In a study conducted to evaluate the effect of bilastine at a dose of 20 mg on driving ability, no adverse effect of the drug was found. However, patients should be warned that in very rare cases dizziness and somnolence may occur, which in turn may affect the ability to drive vehicles or perform other activities requiring increased concentration. In case of occurrence of the above mentioned adverse effects one should refrain from performing the mentioned activities.

Contraindications

– Hypersensitivity to bilastin or excipients of the drug;
– Age under 12 years (effectiveness and safety has not been established);
– Pregnancy and breast-feeding.

Side effects

Possible side effects are listed below in descending frequency of occurrence: very frequently (≥1/10), frequently (≥1/100, <1/10), infrequently (≥1/1000, <1/100), rarely (≥1/10000, <1/1000), very rarely (<1/10000), including individual reports.

Gastrointestinal disorders
Infrequent: dry oral mucosa, diarrhea, dyspepsia, gastritis, abdominal pain, upper abdominal pain, stomach discomfort, nausea.

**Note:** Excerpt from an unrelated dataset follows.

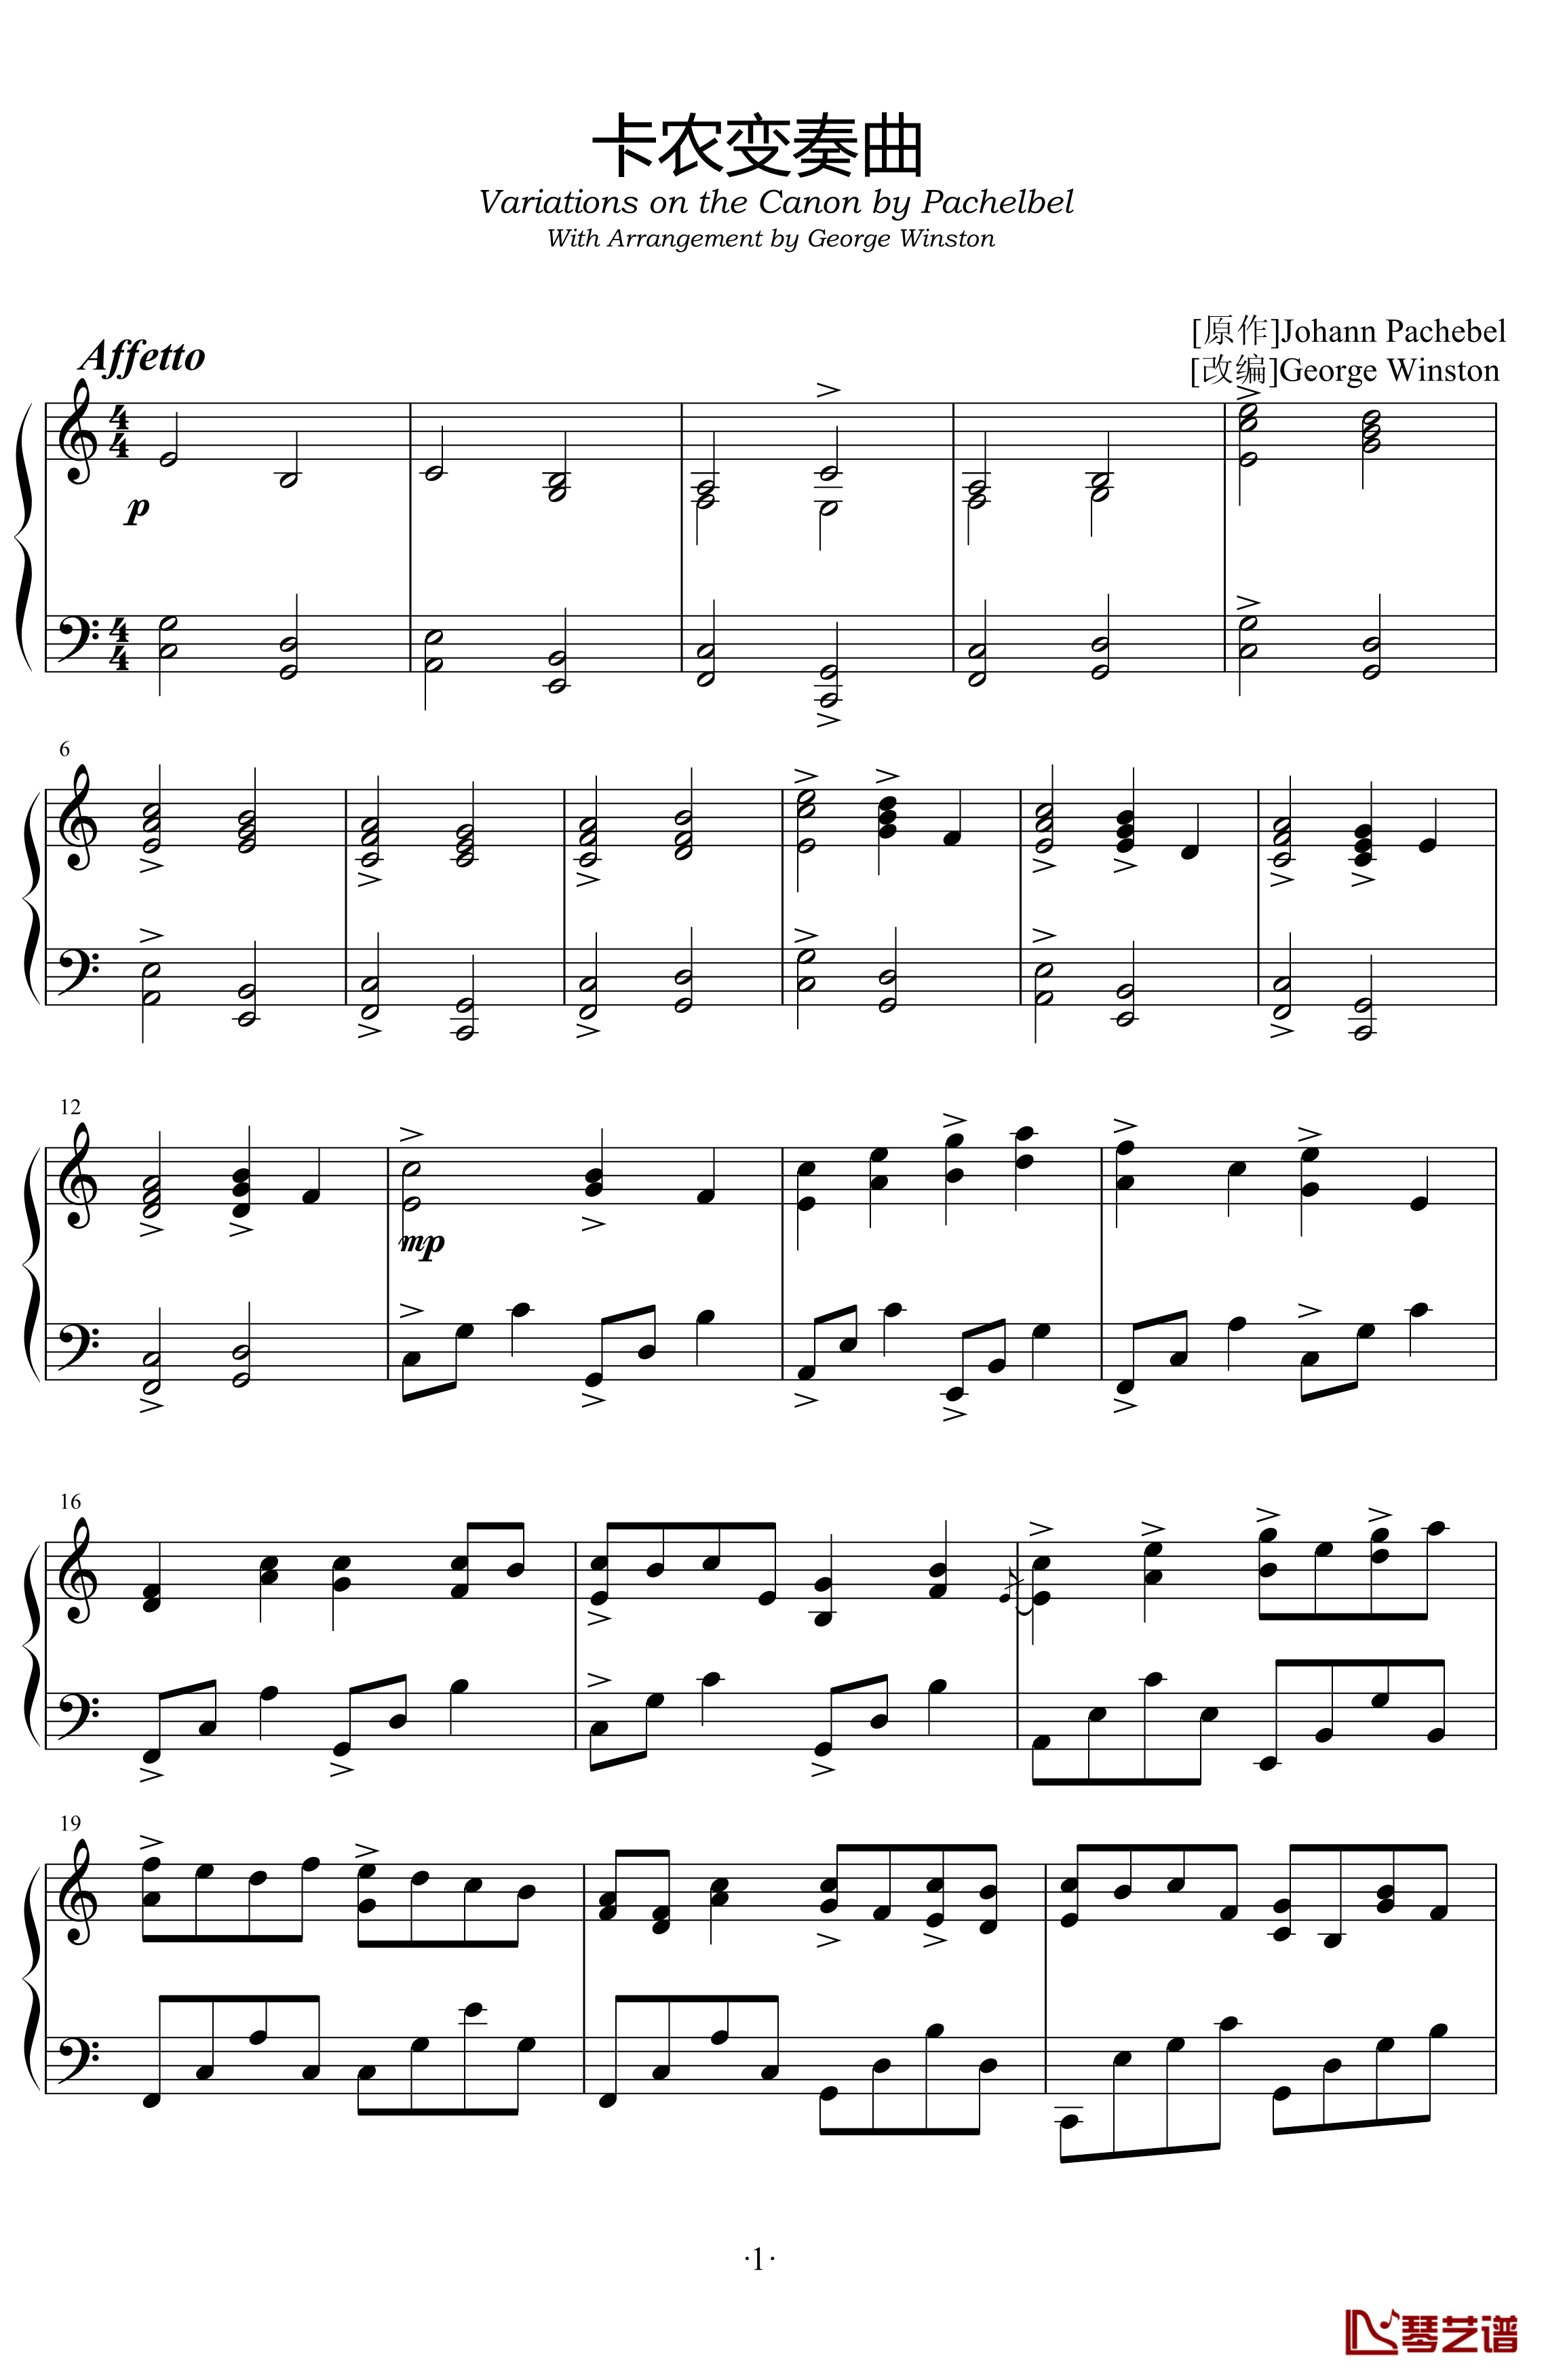 卡农变奏曲钢琴谱-Variations on the Canon by Pachelbel V.L.最终定本-George Winston1

Skin and subcutaneous tissue disorders
Infrequent: skin itching.

Nervous system disorders
Often: drowsiness, headache;
Infrequently: dizziness.

Psychiatric disorders
Infrequent: anxiety, insomnia.

Metabolic disorders
Infrequent: increase in appetite, weight gain.

Hearing and labyrinth disorders
Infrequent: tinnitus, vertigo.

Respiratory system, thorax and mediastinum disorders
Infrequent: shortness of breath, dry nasal mucosa, nasal discomfort.

Cardiovascular system disorders
Infrequent: right bundle branch block, sinus arrhythmia, prolongation of QT interval in electrocardiogram, other electrocardiogram changes.

Infectious and parasitic diseases
Infrequent: herpetic lesions of the oral cavity.
Other:
Infrequent: thirst, increased fatigue, asthenia, fever, increased concentration of triglycerides in plasma, increased concentration of creatinine in plasma, increased activity of “liver” enzymes (aspartate aminotransferase, alanine aminotransferase, gamma-glutamyltransferase).

Overdose

Symptoms:when using bilastin at a dose 10-11 times higher than the recommended dose, side effects occurred twice as often as when using placebo. The most frequent symptoms were dizziness, headache, and nausea. There were no serious side effects, including significant prolongation of the QT interval.

treatment:symptomatic and supportive therapy. There is no specific antidote.